My understanding is that this is the purpose of unsafe, but again, I can't argue against these points from a standpoint of experience, having stuck pretty strictly to safe Rust.

Definitely agree that there are issues with the language, no argument there! So do the maintainers!

> if I need to manage memory then I would look elsewhere atm

Haha I have the exact opposite feeling! I wouldn't try to manage memory any other way, and I'm guessing it's because memory management is more intuitive and well understood by you than by me. I'm lazy and very much like having the compiler do the bulk of the thinking for me. I'm also happy that Rust allows for folks like me to pay a little performance cost and do things a little bit easier while maintaining correctness. For the turbo-coders out there that want the speed and the correctness, Rust has the capability, but depending on your use case (like linked lists) it can definitely be more difficult to express correctness to the compiler.

skippyboxedhero · 37m ago
Agree, that is the purpose of unsafe but there is a degree of irrationality there, which I am guilty of, about using unsafe in Rust. I also worry about unsafe leaking if I am using raw pointer on a struct...but stdlib uses a lot of unsafe code, so I should be too.

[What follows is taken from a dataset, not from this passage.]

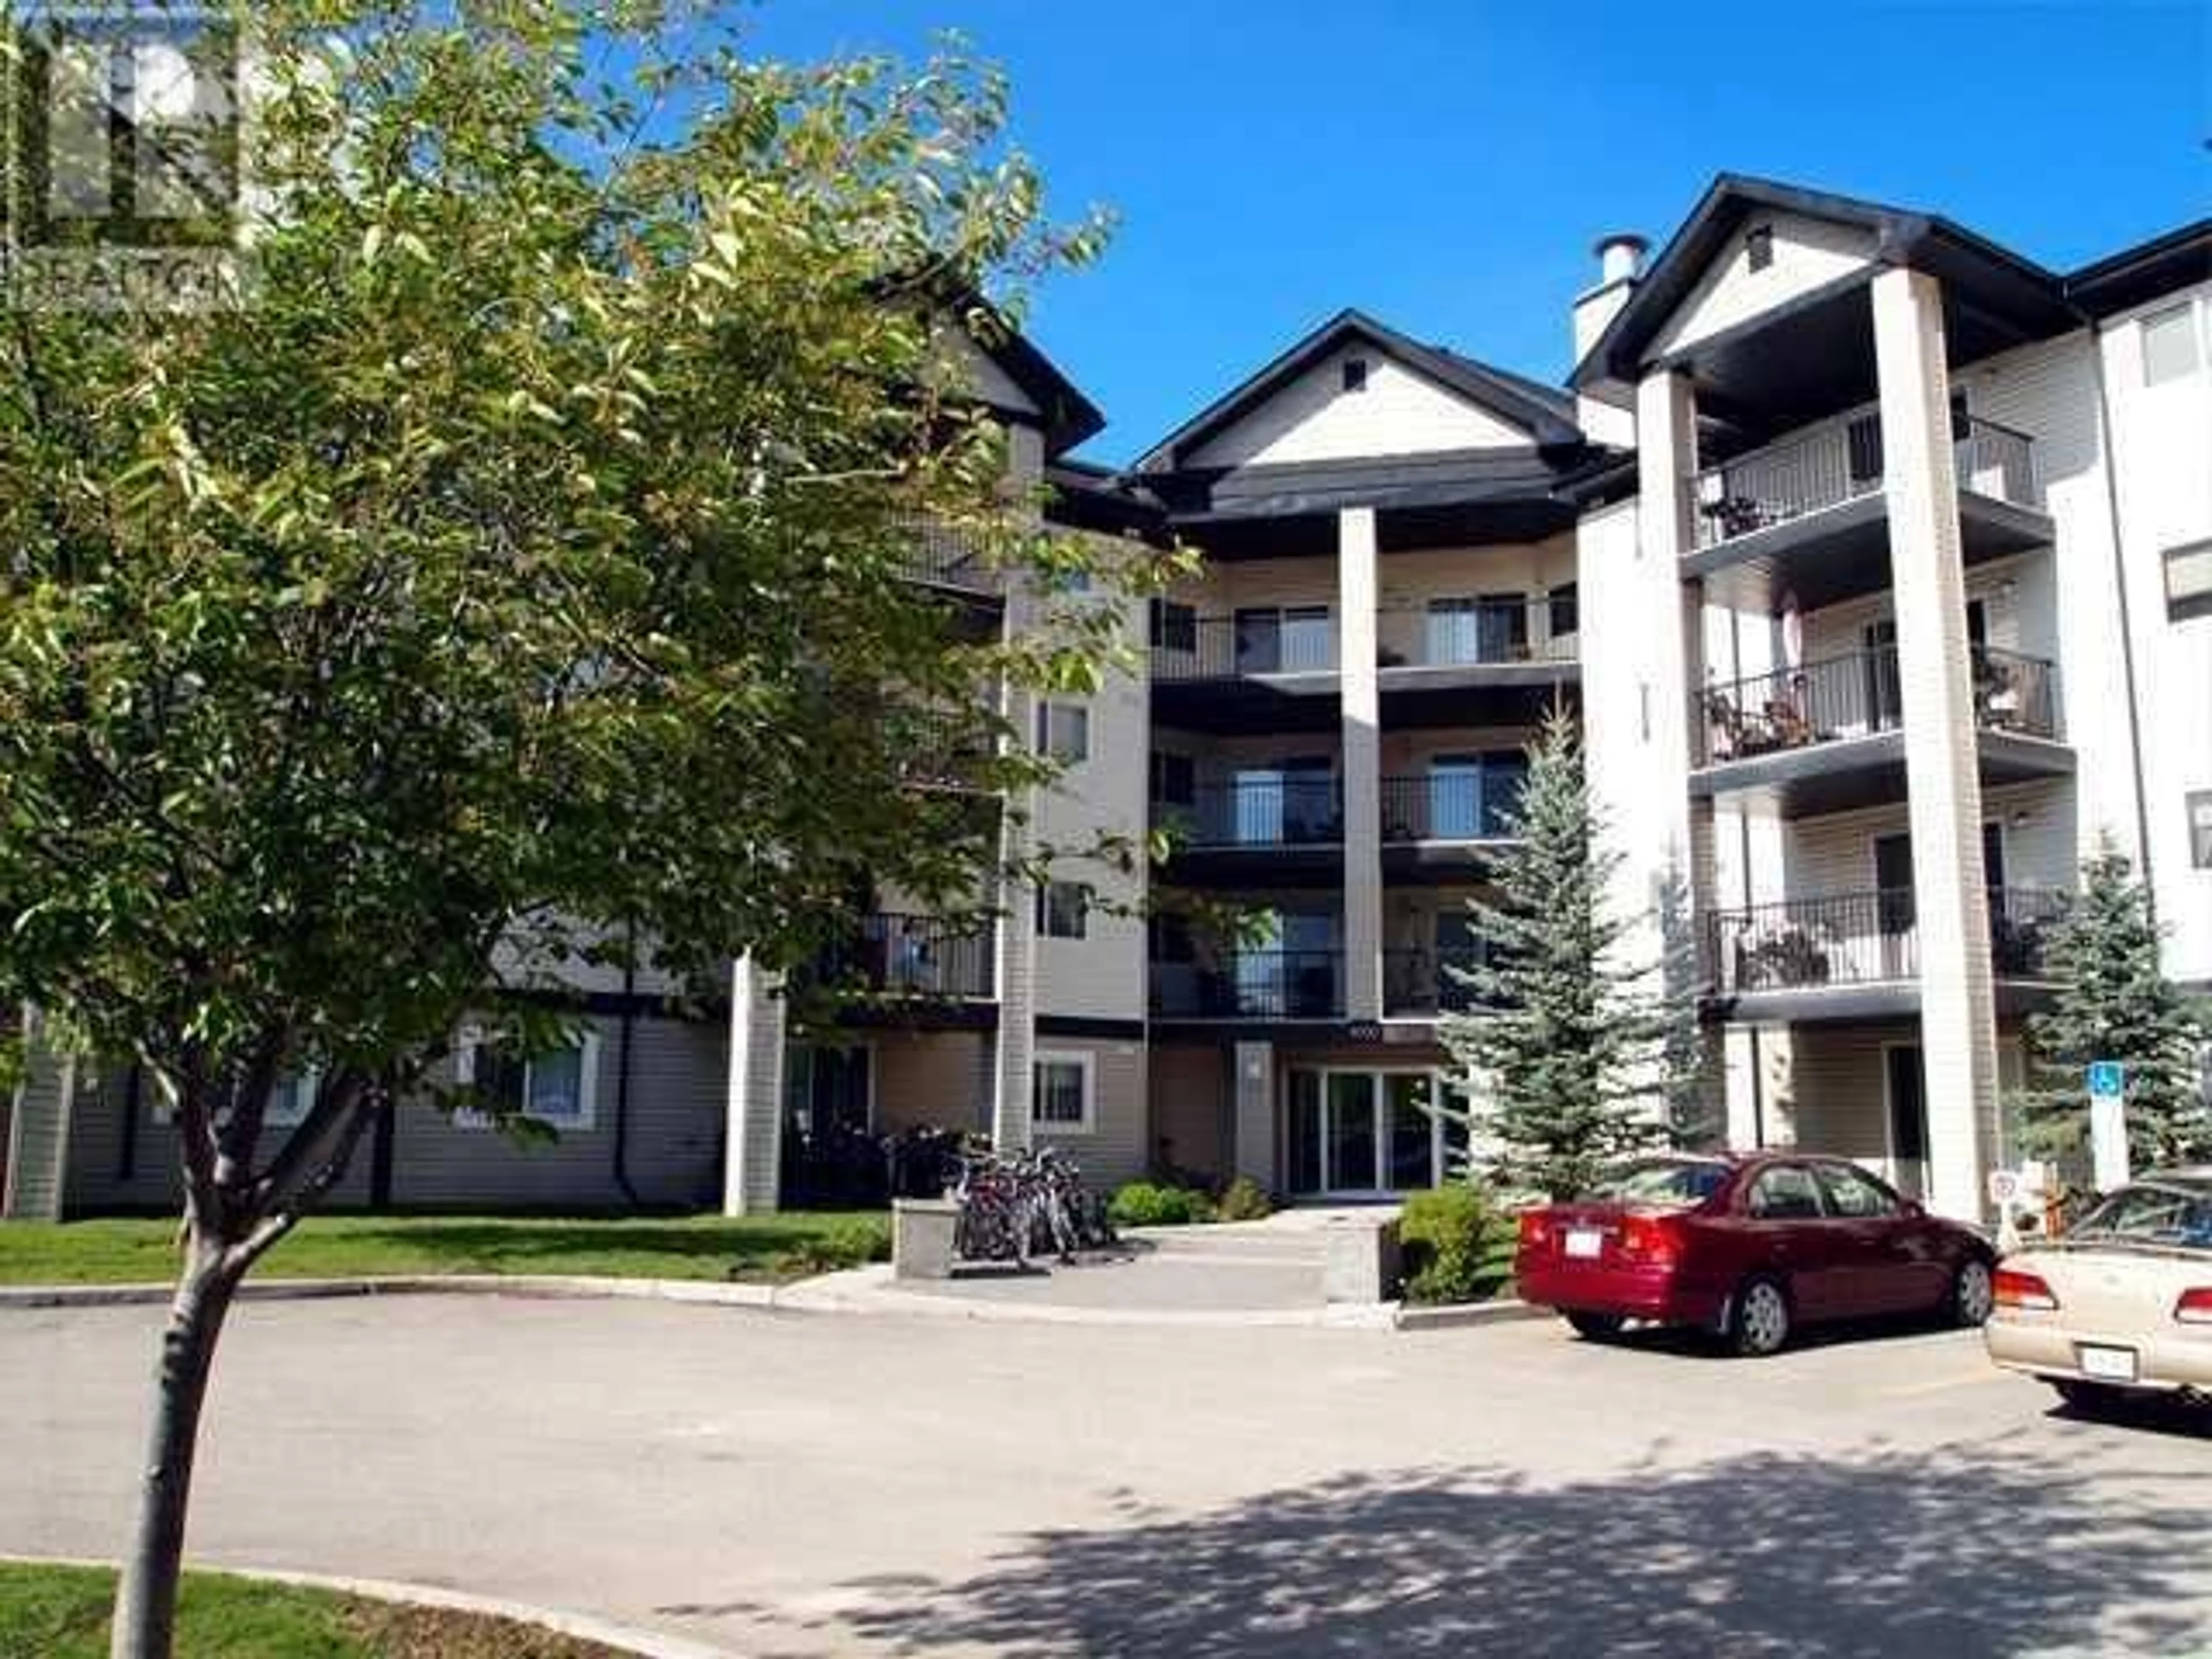 A pic from exterior of the house or condo for 1221 4975 130 Avenue SE, Calgary Alberta T2Z4P2
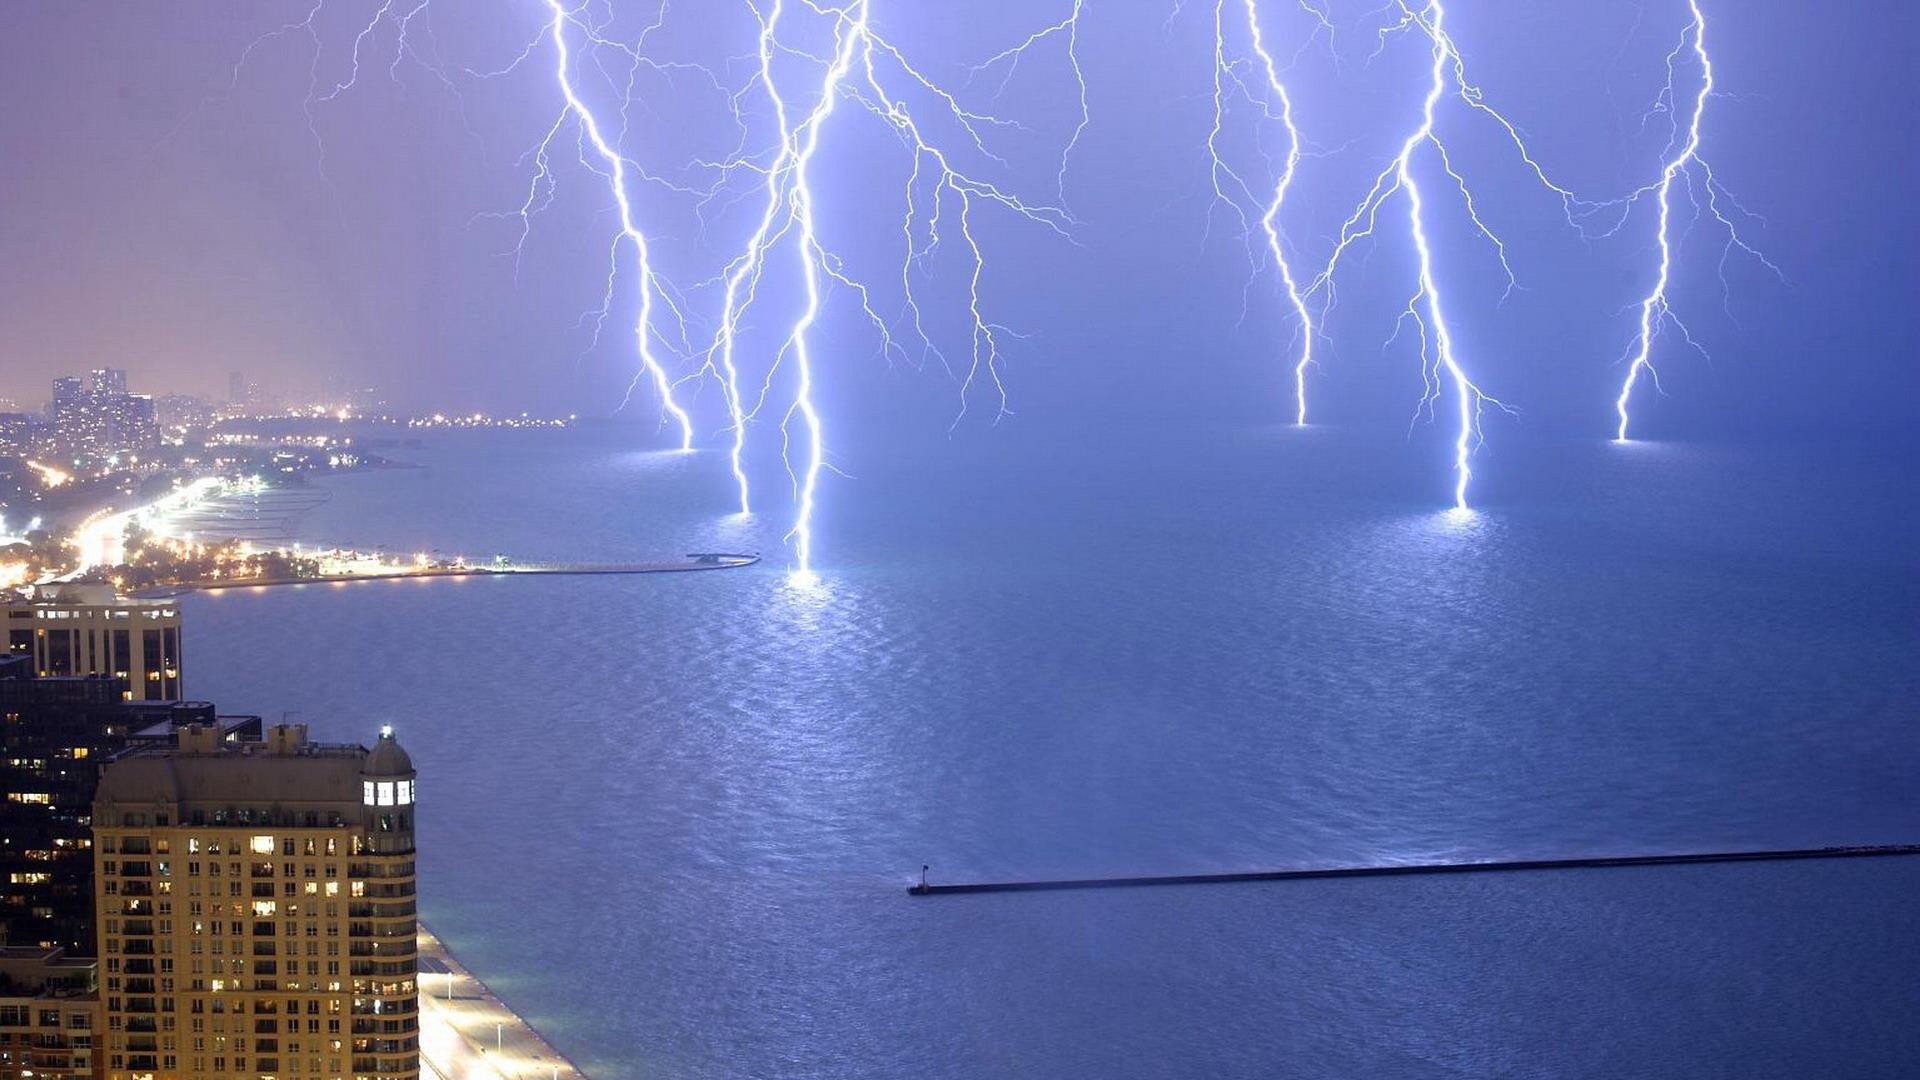 1920x1080 cool images,water, bolts, storm, buildings, geo, samsung,hd nature wallpapers  lightning, beaches, cities, sea, nature, lightning Wallpaper HD

I think the issue that people have is that they come into Rust with the expectation that these problems are actually solved. As I said, it would be nice if lifetimes weren't so impossible to use.

The compiler isn't doing the thinking if you have to change your code so the compiler is happy. The problem with Rust is too much thinking: you try something, compiler complains, what is the issue here, can i try this, still complain, what about this, etc. There are specific categories of bugs that Rust is trying to fix that don't require the changes that Rust requires in order to ensure correctness...if you use reference counter, you can have more bugs.

codedokode · 2h ago
What about catching integer overflow? Free open-source languages still cannot do it unlike they commercial competitors like Swift?
lytedev · 2h ago
I'm not sure if this is what you mean, exactly, but Rust indeed catches this at compile time.

https://play.rust-lang.org/?version=stable&mode=debug&editio... https://play.rust-lang.org/?version=stable&mode=debug&editio...

codedokode · 1h ago
I meant panic if during any addition (including in runtime) an overflow occurs.
genrilz · 38m ago
If you obscure the implementation a bit, you can change GP's example to a runtime overflow [0]. Note that by default the checks will only occur when using the unoptimized development profile. If you want your optimized release build to also have checks, you can put 'overflow-checks = true' in the '[profile.release]' section of your cargo.toml file [1].

  [0]: https://play.rust-lang.org/?version=stable&mode=debug&edition=2024&gist=847dc401e16fdff14ecf3724a3b15a93
  [1]: https://doc.rust-lang.org/cargo/reference/profiles.html
trealira · 42m ago
You can set a flag for that: https://doc.rust-lang.org/rustc/codegen-options/index.html#o...

By default, they're on during debug mode and off in release mode.

kelnos · 1h ago
Rust does have checked arithmetic operations (that return Result), but you have to explicitly opt in to them, of course, and they're not as ergonomic to use as regular arithmetic.
trealira · 45m ago
But, by default, normal arithmetic operations trap on overflow in debug mode, although they wrap with optimizations on.
z_open · 1h ago
assembly catches integer overflow. You just need to check the flag.